Unmet needs of family planning
Touching on the unmet needs of family planning in Ghana, the Deputy UNFPA Country Representative emphasised that, such visits must serve as an avenue for reducing the unmet needs of contraceptives in the country.

Women who have an unmet need for contraceptives arise when those who want to delay or stop childbearing do not get access to contraceptive.

“You have 78 per cent of women attending antenatal care. When a woman is pregnant, she goes to a health facility and she is seen by a health practitioner.

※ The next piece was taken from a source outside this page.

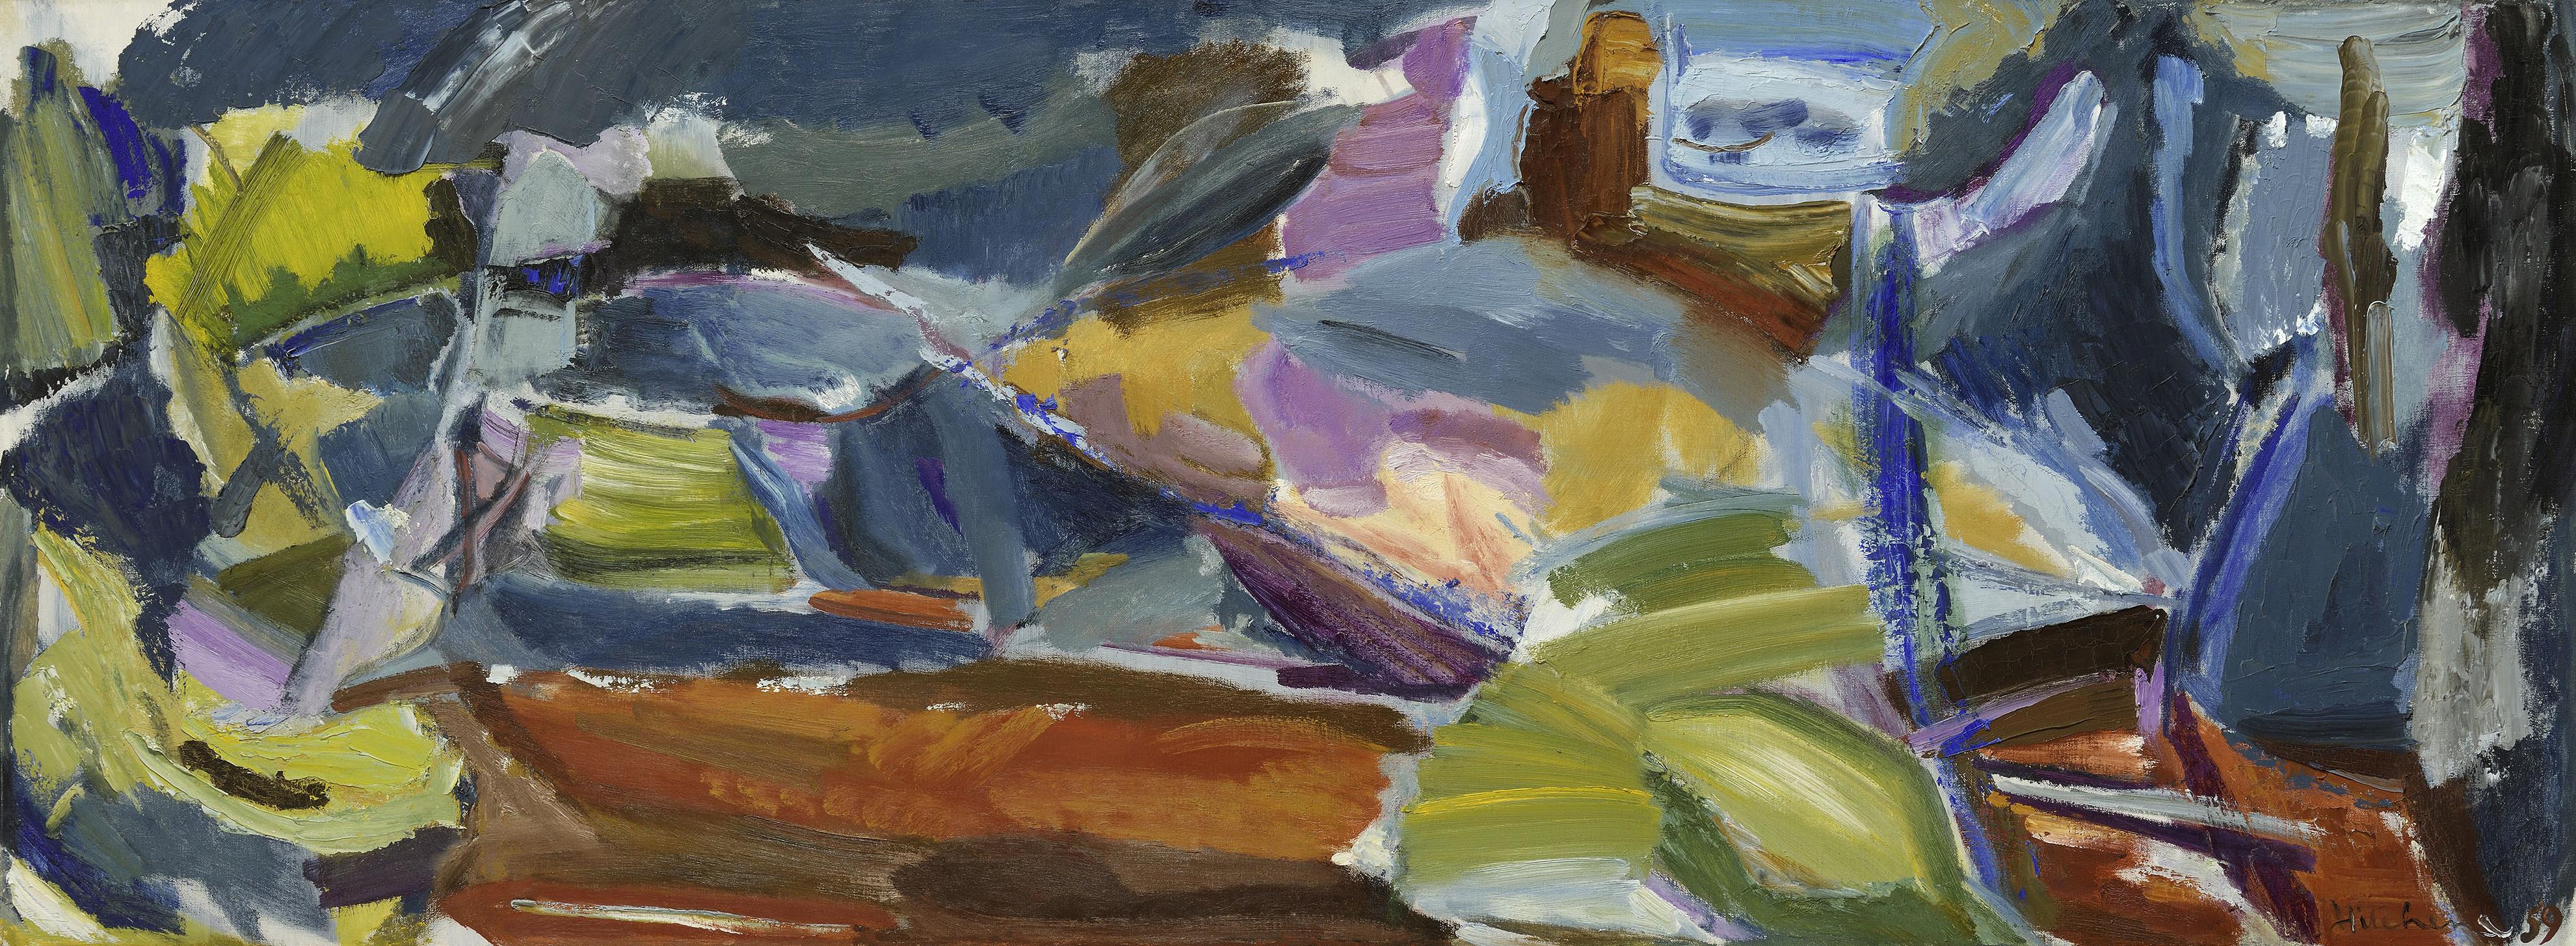 Ivon Hitchens 1893-1979 Larchwood Path Variation 1962 Oil on canvas 15 x 82 in / 38 x 210 cm

It means that during those four or more visits, that health practitioner has a strategic opportunity to speak to that woman about family planning. That cannot be a missed opportunity,” she said.

Opportunities
She said the post-natal care visits of around 70 per cent also meant that after the woman delivered, she still went to the health facility and was seen by a health practitioner, and as such, that woman should not leave the facility without having a conversation about family planning and without being offered the opportunity to start using a family planning method.

Ms Gayle said it was unfortunate that 85 per cent of contraceptives procured in the country were donor funded, and cautioned that it will be disastrous for Ghana should donors such as the UNPFA, United States Agency for International Development (USAID) and West African Health Organisation (WAHO) decide to pull out.